В  колхоз Ленина, кроме Гребеней, входили ещё три деревни – Беловка, Ерёминка и Дворики.
Папа мой работал шофёром на ГАЗ-51 в колхозе. Раньше, когда в каждой названной мною деревне, существовал свой, отдельный колхоз; в Двориках, например, – колхоз Шевченко, на ст. Сакмарской – колхоз Красный коммунар. Папа возил председателя колхоза им. Ленина, а именно колхоз с таким названием и был в Гребенях, Жидрова Николая Степановича.

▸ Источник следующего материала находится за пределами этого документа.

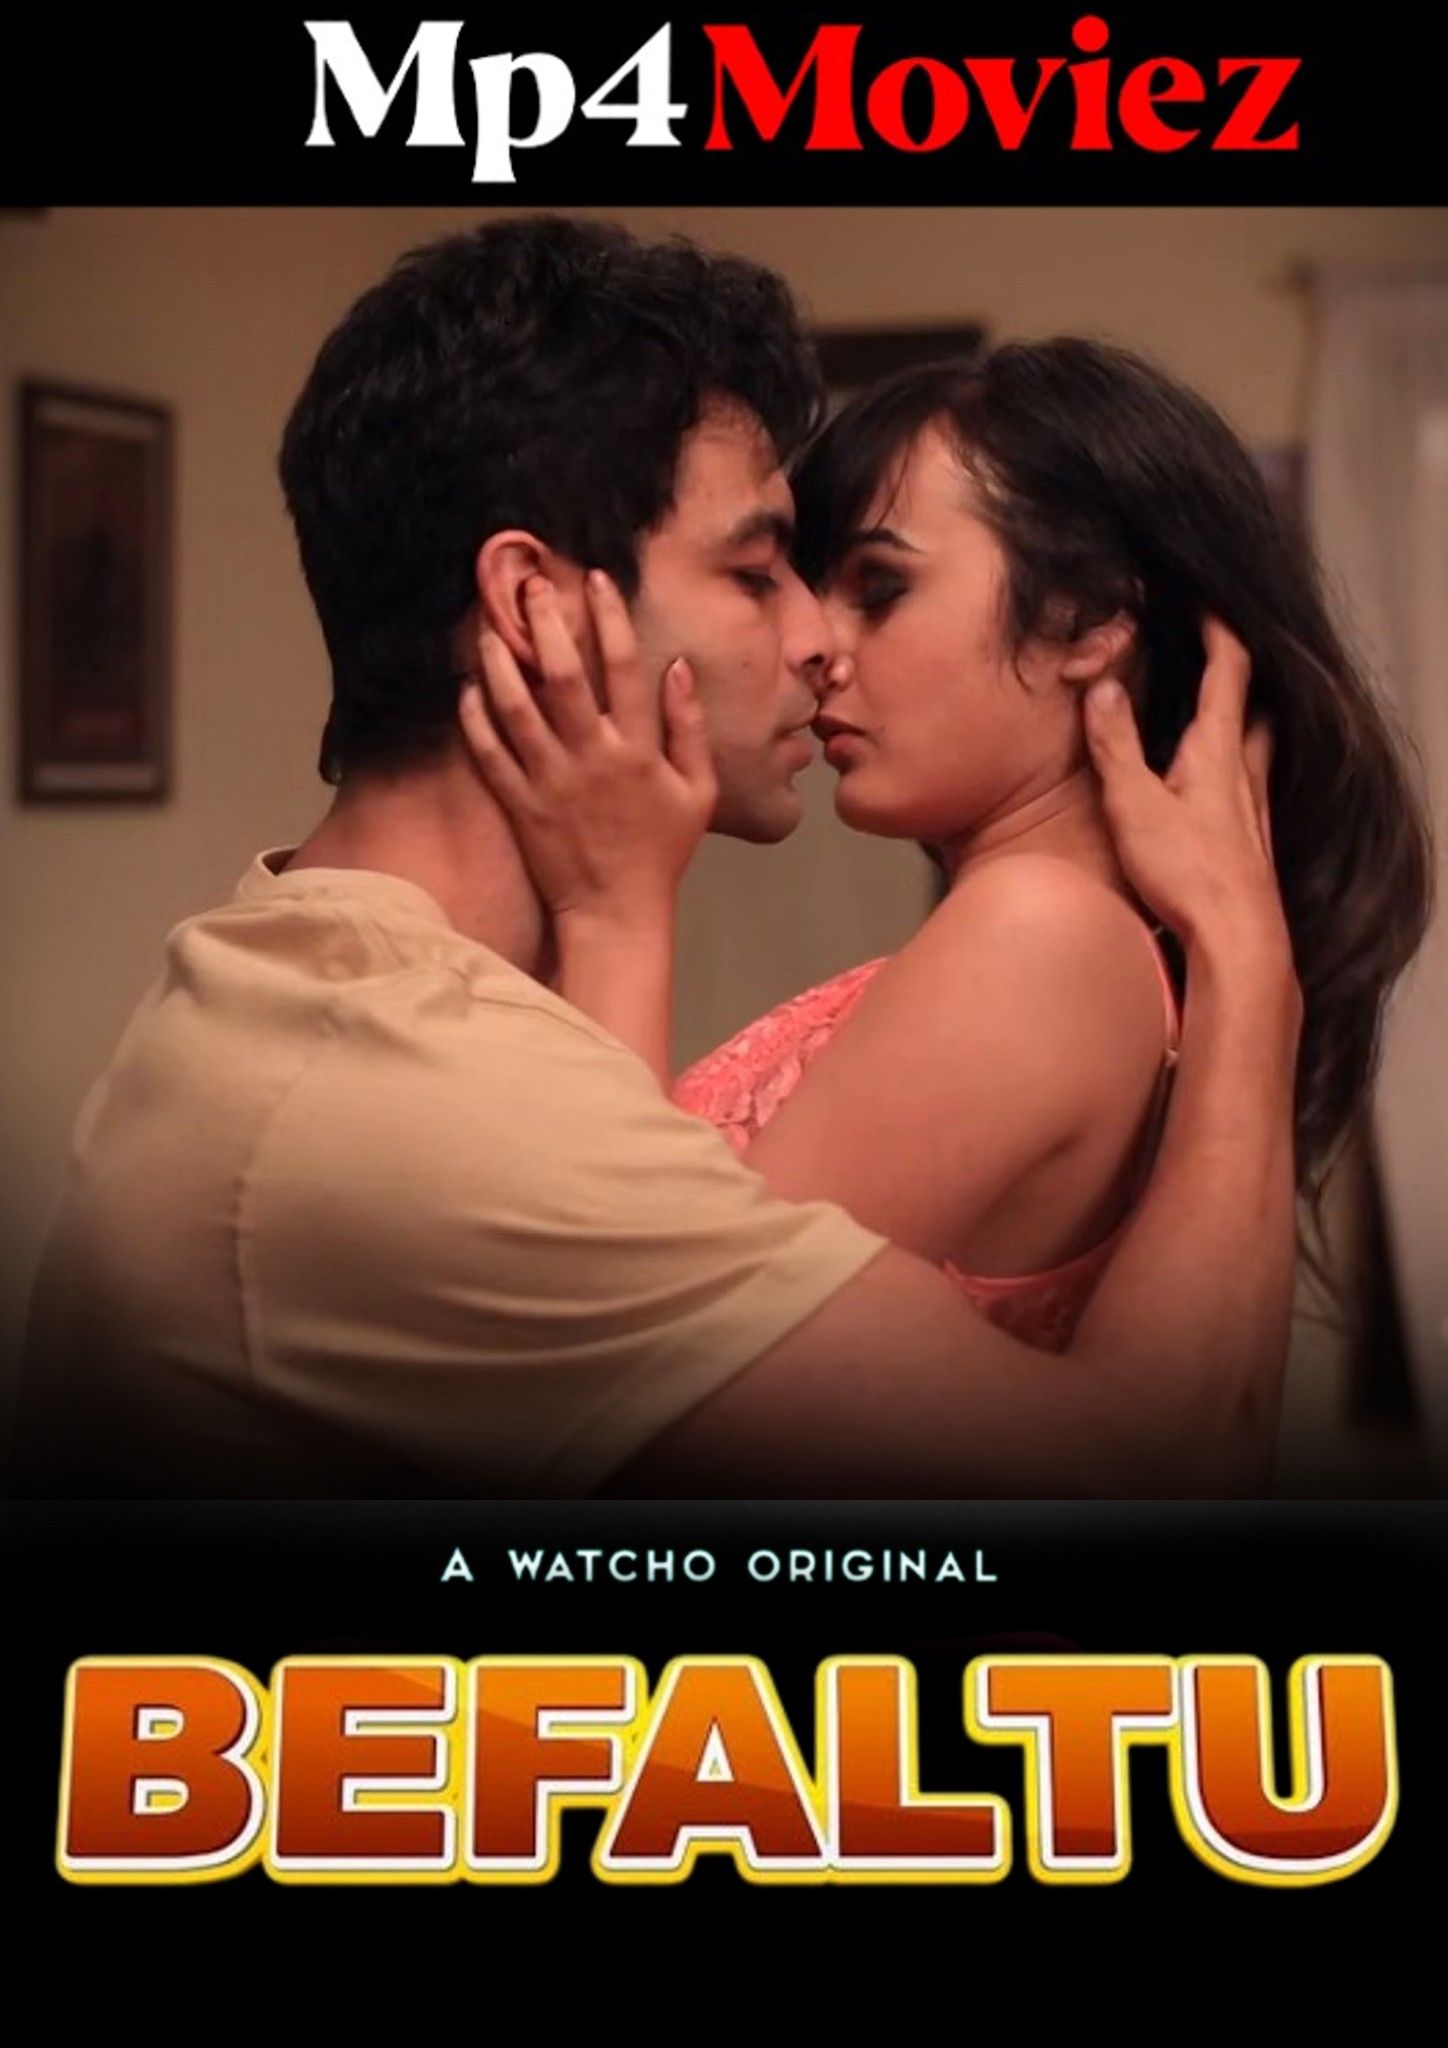 Befaltu (2021) S01 Hindi Watcho Web Series download full movie

Где я был, в каких сёлах Сакмарского района до окончания восьмилетней школы? В Беловке был в доме, в котором правление колхоза располагалось, во дворе дома - конюшня, там стояла чёрная коляска с рессорами, она могла тентом накрываться. Сам дом был обшит досочками маленькими, в синий цвет окрашенными. Мастерская - из плитняка сложенное здание, там папа зимой Газон свой ремонтировал, а я ключи подавал, когда (после долгих моих приставаний), он брал меня с собой. В то зимнее время на ремонт из Гребеней в Беловку папа ездил верхом на лошаде Серухе, она серая была, а может и по другой причине так называлась. Вечером я встречал его за селом, чтобы в седле с ним прокатиться и гостинцы, зайчиком присланные (кокурки, сала кусочек), пожевать по дороге. Бываю и сейчас в Беловке, здание из плитняка сохранилось. Всегда, проезжая мимо, вспоминаю почему-то фамилию Борискин - маленького роста, шустрого человека. Работаю сейчас со списками гребенских фронтовиков, нахожу – Борискин-Бульбо Михаил Петрович, погиб в феврале 1942 года, даты гибели нет, это значит, скорее всего, что пропал без вести. Есть ли связь между Борискиными? Кто теперь узнает?


В Ерёминке бывал в доме семьи Пушкиных с огромной вербой во дворе, в доме пчеловода Мельникова тоже был; из Беловки едешь короткой дорогой, с мысов спустившись, – первый дом слева. Я допытывался у папы, а не родня ли ерёминские Пушкины нашему великому поэту Александру Сергеевичу? «Не знаю, а чем чёрт не шутит?! Может и родня», - был ответ. Лагерь трудовой пионерский внизу от мысов ерёминских располагался – как забудешь то время расчудесное, в лагере том проведённое. Дворики, дом дяди Коли Хохлачёва, дяди Вани Жидрова, молочно-товарную ферму Двориков помню, фляги там с отцом грузил, чтобы в Сакмарск на маслозавод отвести. И с летнюю дойки на берегу Старицы фляги тоже загружали.
Сам Сакмарск я почти не знал. Ещё совсем в детстве узнал, где больница; с папой к маме в больницу ездили, она была далеко от центра, в деревянном здании, которое позже сгорело. Отлично знал, где чайная расположена. С папой, иногда, ел там вкусные беляши, а с ребятами, когда на велосипедах ездили за учебниками в книжный магазин, там всегда покупали вермишель с подливом. На котлету денег не хватало, а вермишель с подливом всего четыре копейки – благодать! У друга детства моего, Саши Кочемасова, в чайной работала тётя, она нам за четыре копейки двойную порцию вермишели с подливом приносила.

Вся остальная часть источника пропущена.